I glanced up at the widescreen and saw a fire above the words MOB SCENE. The top left corner of the screen said LIVE.
A friend lives near Dearborn, Mich., and my immediate thought was of her worry of riots after the election. A moment of panic. Mobs setting things on fire? I typed “fox news, mob” into google.

Overseas. I relaxed.
It was a disconcerting experience. Mobs are mobs; fire is fire; death is death whether here or overseas. An Israeli daughter who loses her brother sheds no fewer tears than I would.
Why am I so unconcerned?
Amanda said it could be the ocean--we're so separated, geographically, from the Middle East that it creates an emotional separation as well.
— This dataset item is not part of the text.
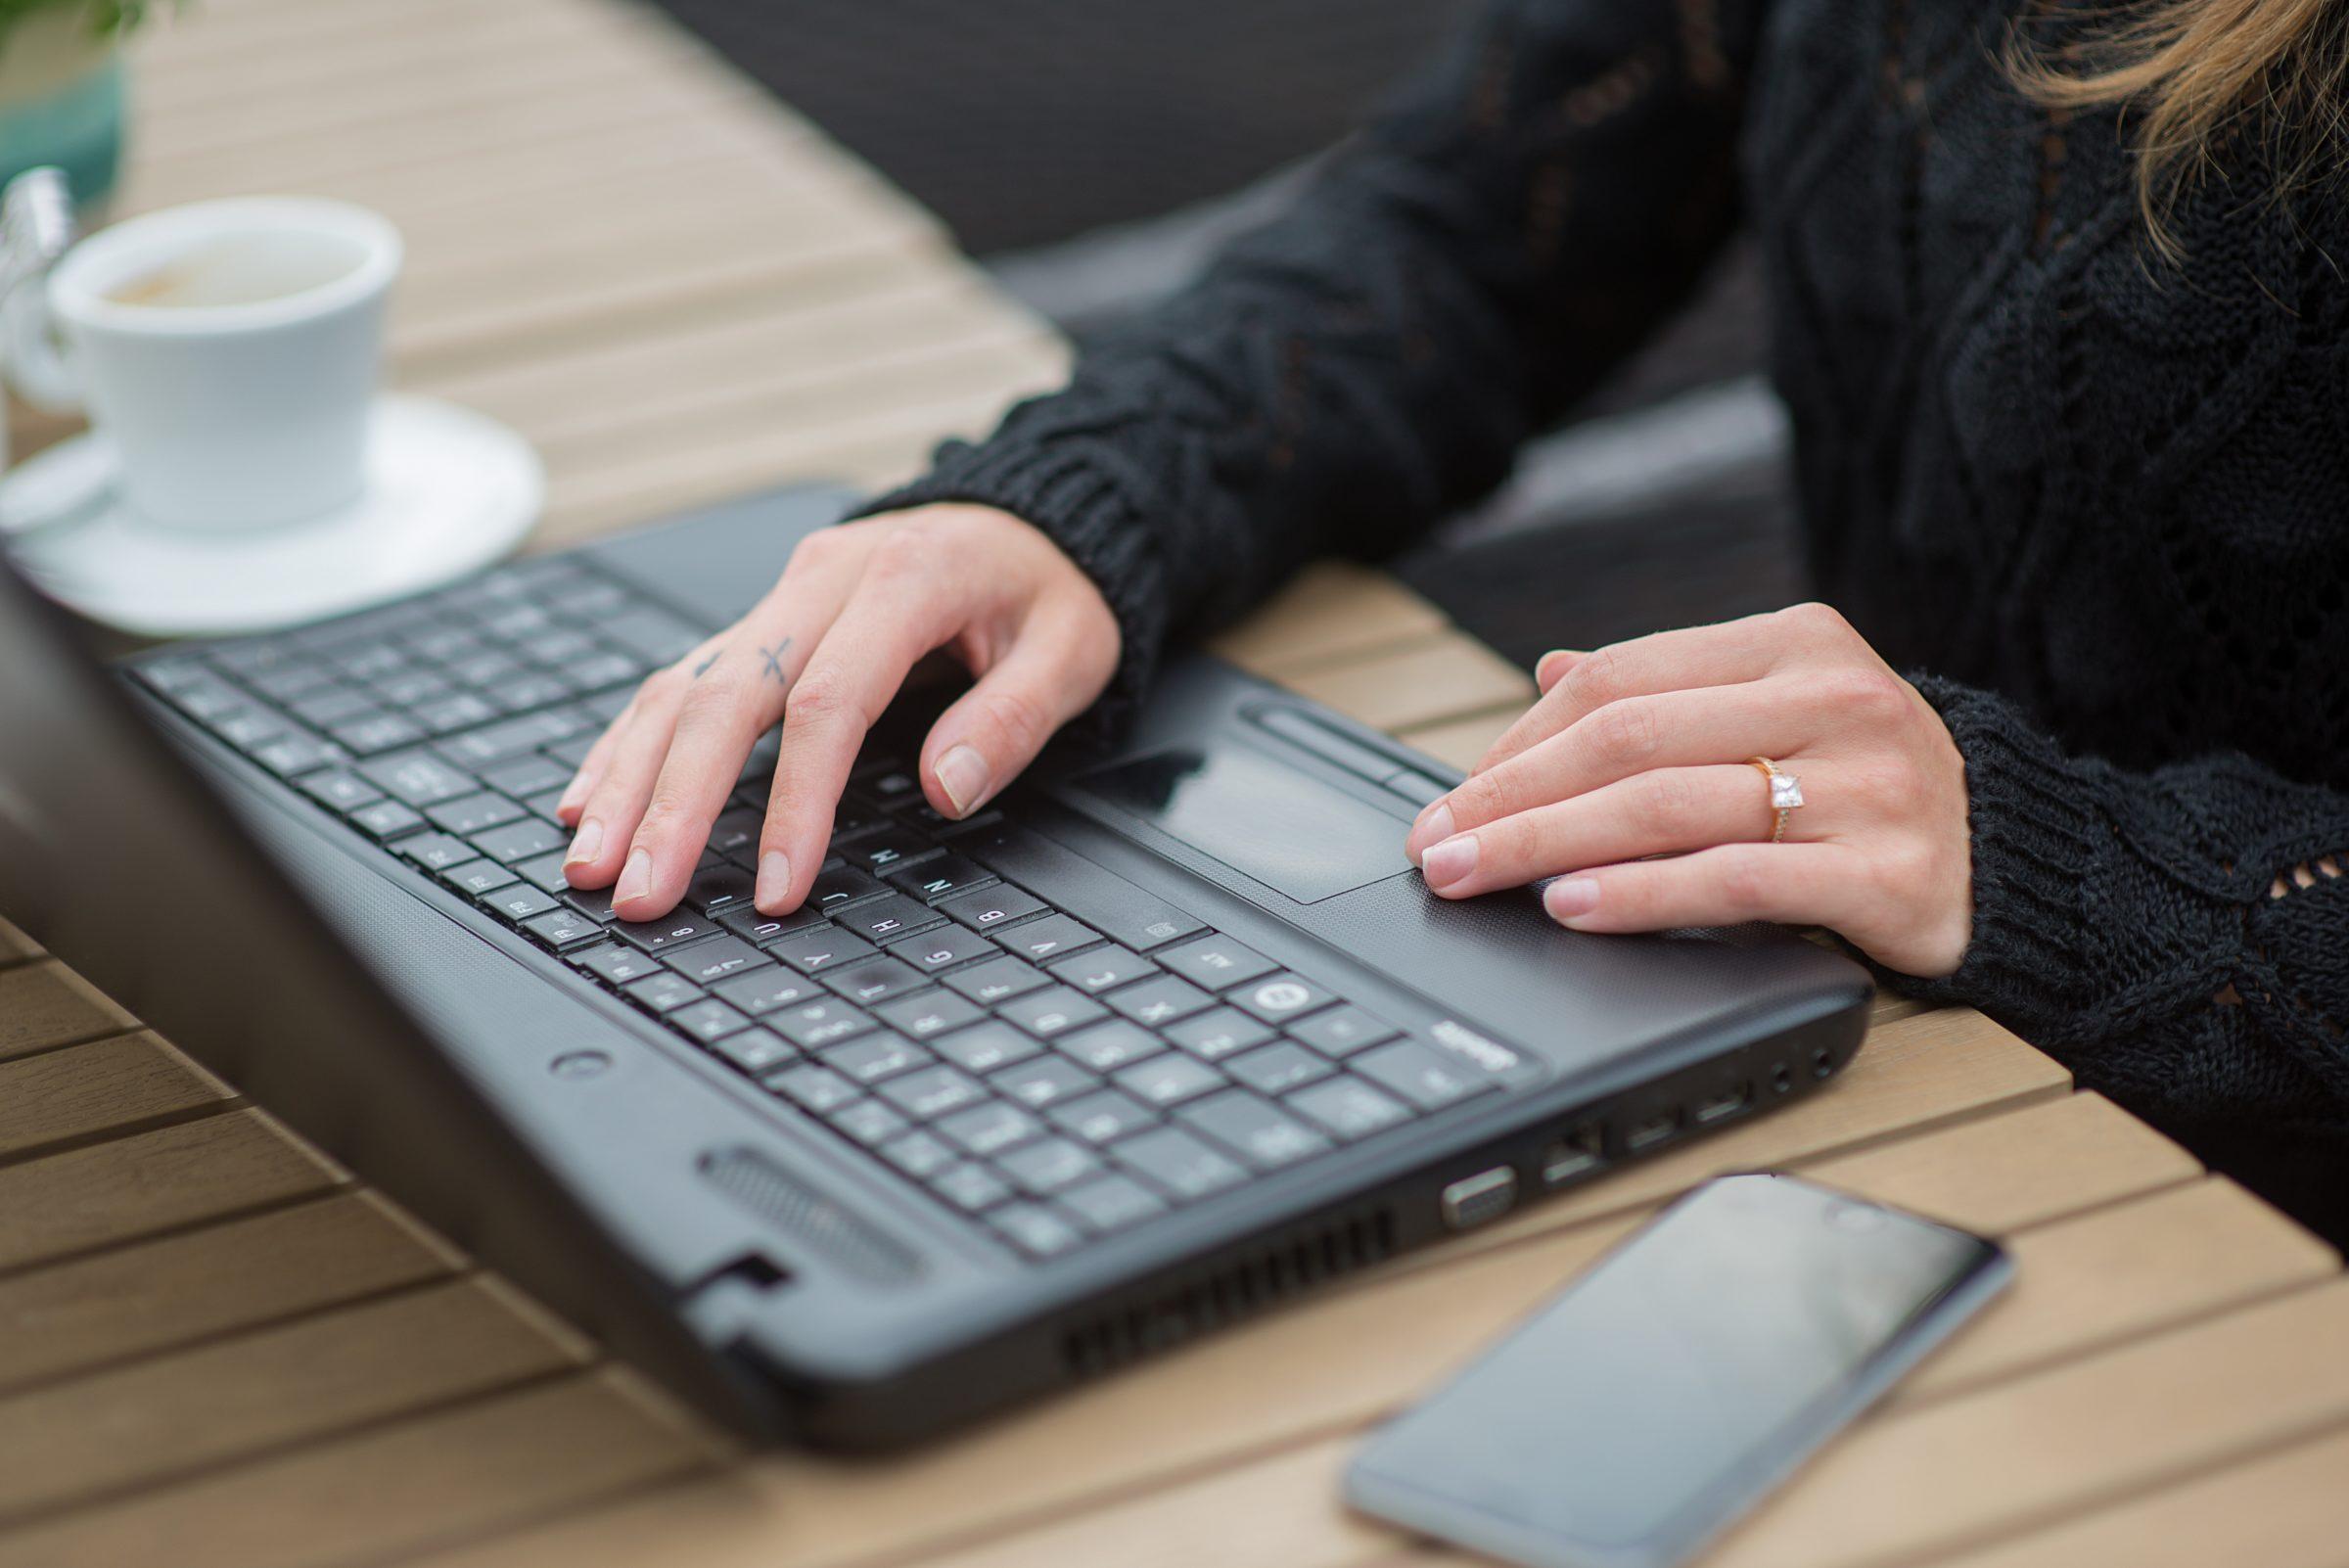 computer keyboard 6TJEXZL

I'd like to think nobly and say that, as a finite human, I cannot be concerned with every horror in the world, else I would burn out. But I don't know if I'm as concerned as I ought to be.
Just yesterday I told a friend--lightheartedly, no less--that abortion would inevitably die out because pro-lifers have more babies than pro-choicers, and eventually we'd vote them out. But what about all the children who are dying before then? Is their pain nothing to me? Distant, too.
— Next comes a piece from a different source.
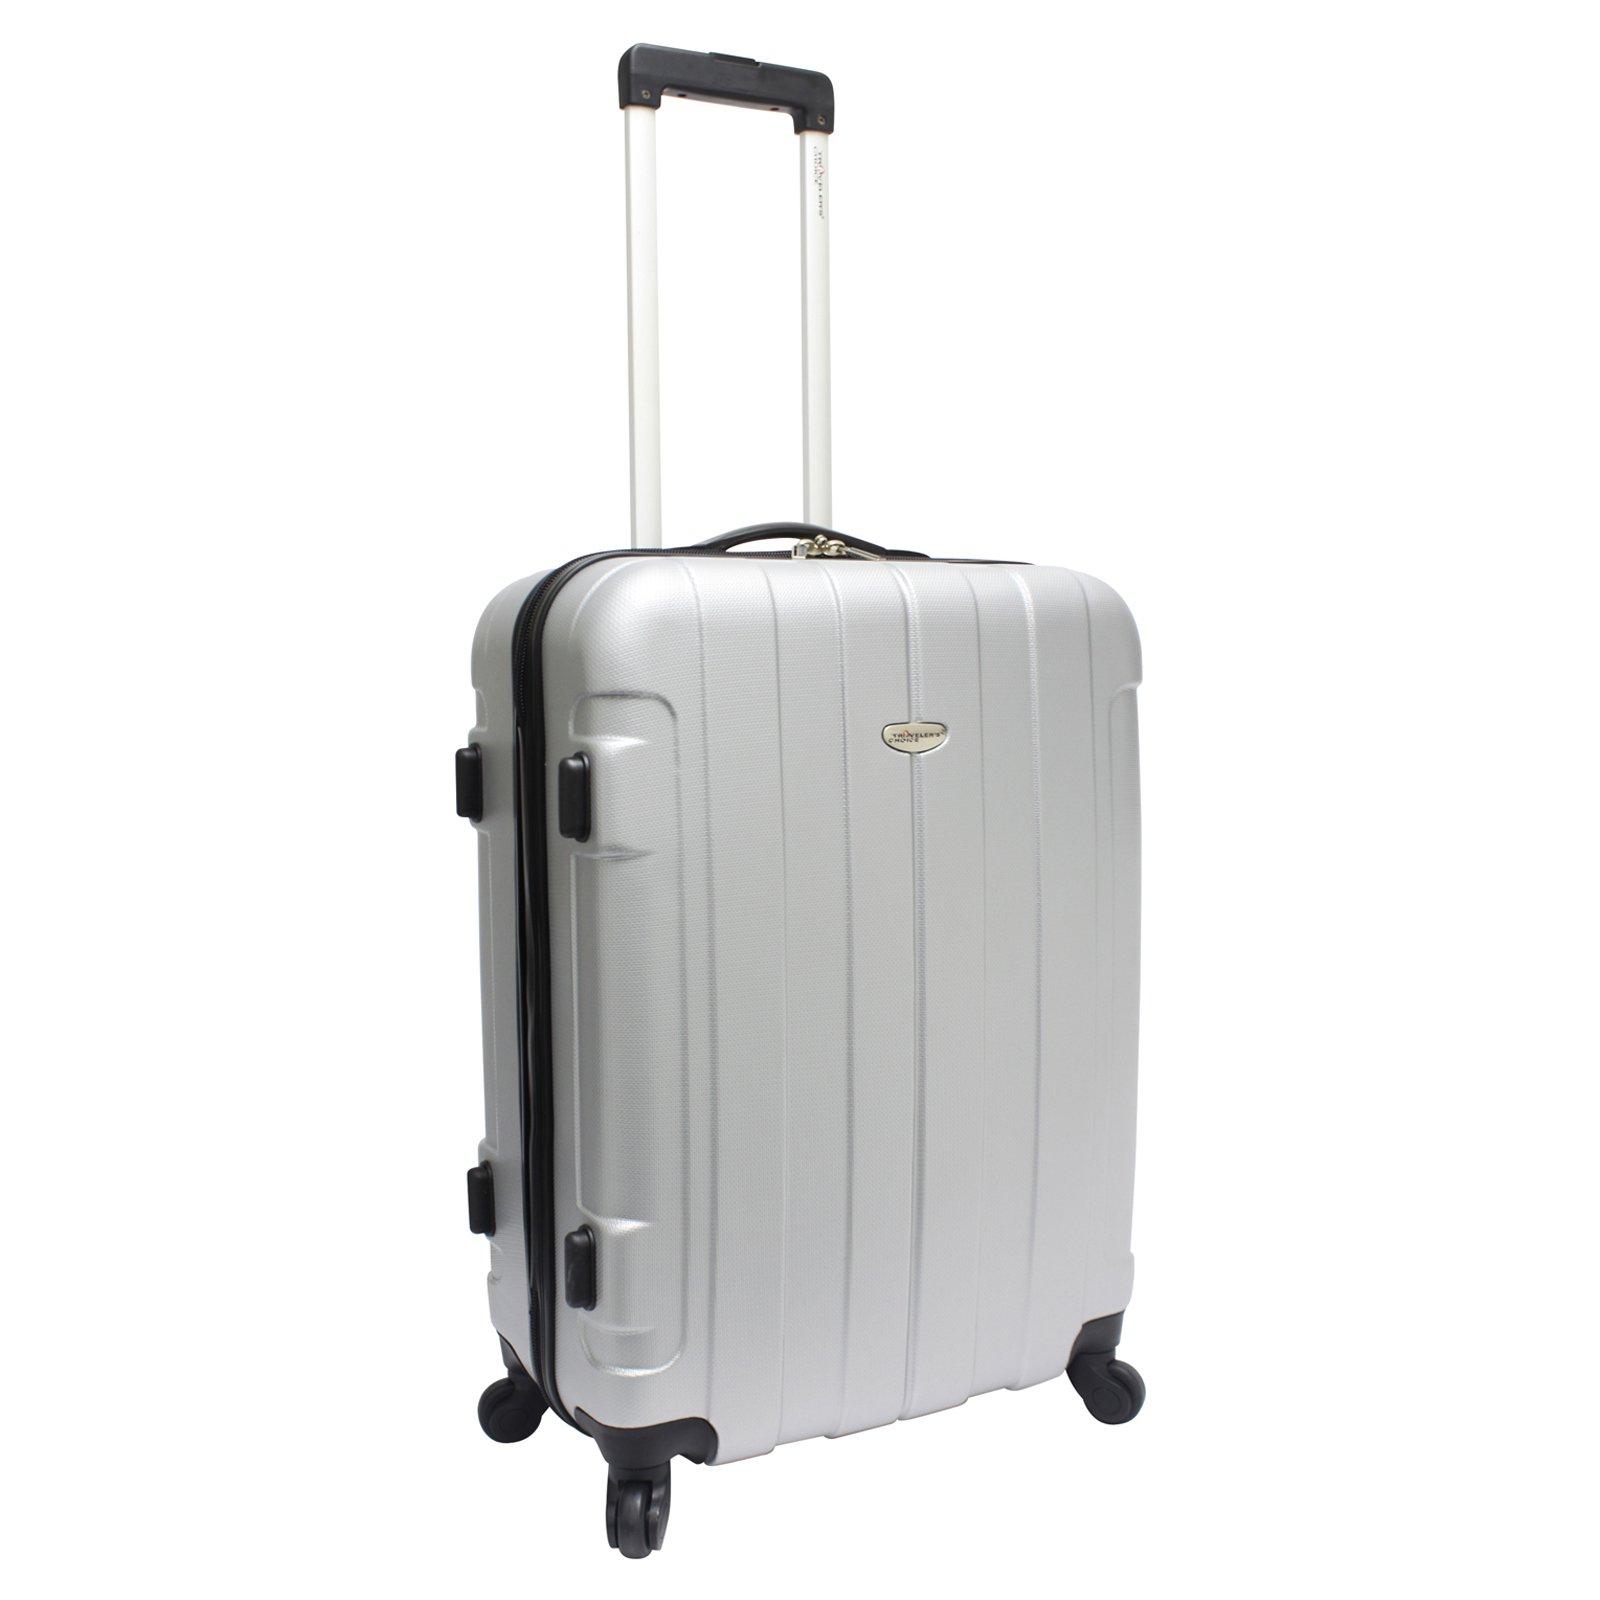 Traveler's Choice Rome 21'' Hard Shell Rolling Upright Luggage

Before I overthink this as I often do (and perhaps already have)--I have class at two o'clock--perhaps it isn't so important where I am now.
Perhaps the important thing is where I go. There will never be a time (here, anyway) when I am perfect in charity. So perhaps instead of examining my wretchedness--chief of sinners!--and dwelling in it, I should work to improve.
Does the mob on TV merit wailing that interferes with my schoolwork?
Well, no. But perhaps a brief moment to pray for them and recognize them as human--as made imago Dei--as alteri Christorum.
And the king answering shall say to them: Amen I say to you, as long as you did it to one of these my least brethren, you did it to me (Mt. 25:40).
That much I can do.
For him.
[addendum]
The very same thoughts and feelings were racing through my mind last night as I watched "Scream Bloody Murder," a mini-doc on different instances of genocide (Germany, Bosnia, Darfur, etc...,) on CNN. On one hand I feel, how do we sit back and let this happen to hundreds of thousands of people as we go an with normal daily life; on the other, I've come to the conclusion that it's truly impossible to believe that we as Americans can save everybody, nor should we have to, especially considering the fact that our country is far from perfect. It's hard to figure out the boundary between detachment and indifference.